9.1 Your personal data is protected under data protection laws and you have a number of rights (explained below) which you can seek to exercise. Please contact us using the details provided below if you have any queries in relation to your rights.
9.2 If you seek to exercise your rights we will explain to you whether or not the right applies to you; these rights do not apply in all circumstances.
9.2.1 Right of access – You have a right to access the personal data we hold about you upon request. This is known as a “Data Subject Access Request”. You can exercise this right by making a request in writing, by email or by telephone using the contact details in the contact and complaints section below.
9.2.2 Right of rectification – You can ask us to correct or update your personal data to ensure it is accurate and complete.
9.2.3 Right to erasure and right to restrict processing – You can ask us to stop processing and/or to delete your personal data in certain circumstances (for example, where it is processed with your consent, or it is no longer necessary for us to process it).
9.2.4 Right to data portability – You have a right to ask us to provide you with your personal data in a form that suits you, and/or to provide your information to a third party.
9.2.5 Right to object – You have a right to object to our processing of your personal data.
9.2.6 Profiling and automated decisions – You have a right not to be subject to automated decisions which have a legal effect and to be protected by safeguards in respect of any profiling. We do not undertake any automated decision making or profiling.
9.2.7 Right to object to direct marketing – Where you have consented to receive direct marketing, you can change your mind at any time by contacting us or following the link to “unsubscribe” provided in each email we send to you. Please allow a few days for us to action your request.

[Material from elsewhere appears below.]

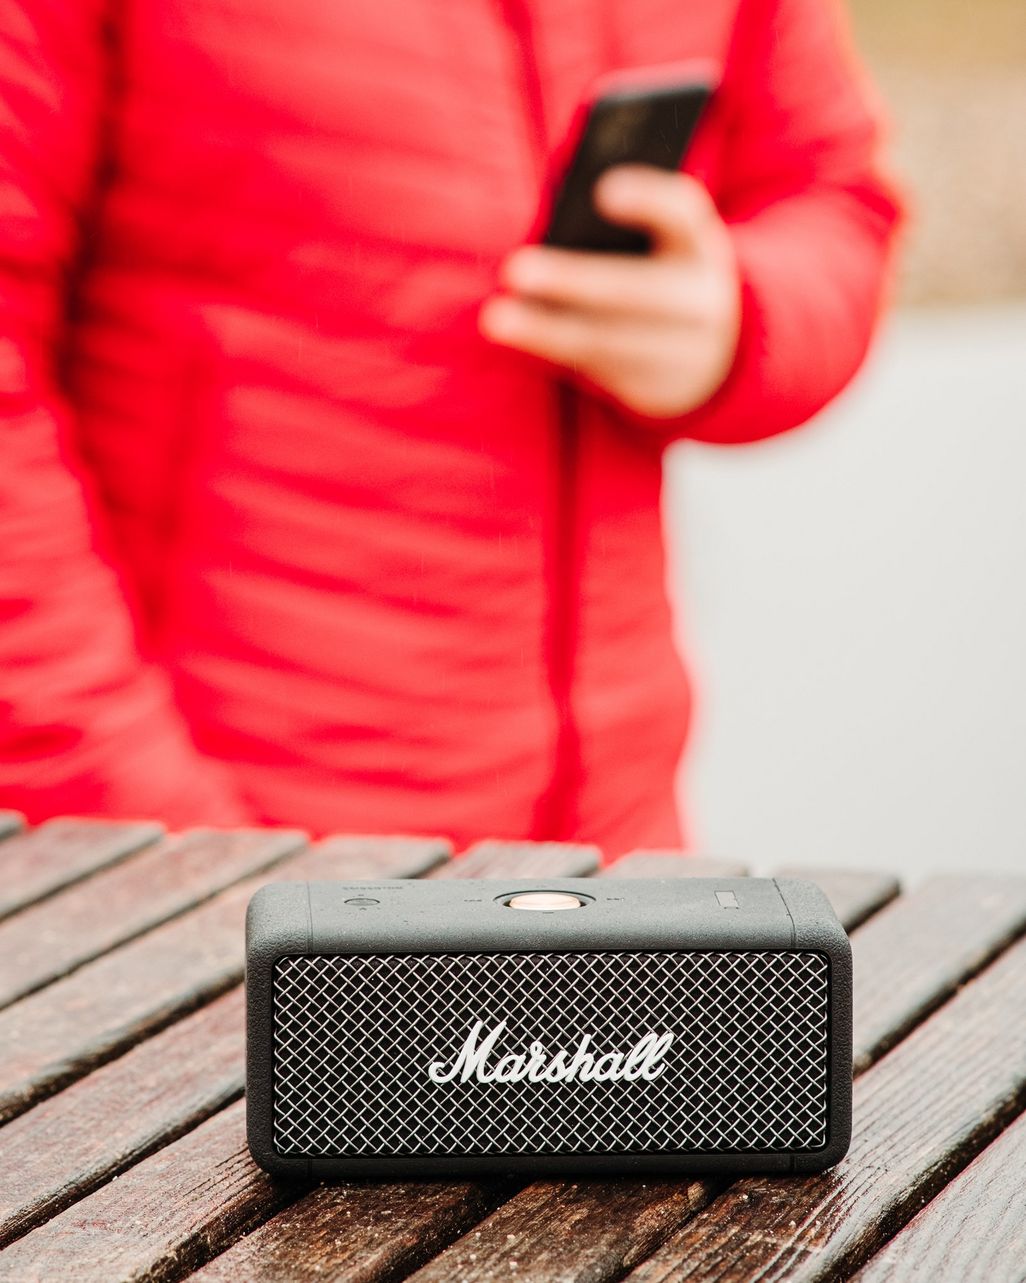 Der Bluetooth-Speaker „Emberton“ von Marshall.

10. Changes to this Privacy Notice
We may change this Privacy Notice from time to time. We encourage you to periodically review this Privacy Notice for the latest information on our privacy practices.
11. How to contact us
11.1 We have appointed a Data Protection Officer (“DPO”) to oversee compliance with this Privacy Notice. If you have any questions about this Privacy Notice or how we handle your personal data, please contact the DPO by sending an email to dpo@tlt.com.
11.2 You also have the right to lodge a complaint with a supervisory authority (the Information Commissioner's Office or “ICO”) by writing to Information Commissioner's Office, Water Lane, Wilmslow, SK9 5AF or calling 0303 123 1113. Further information about how to do this can be found at: www.ico.org.uk.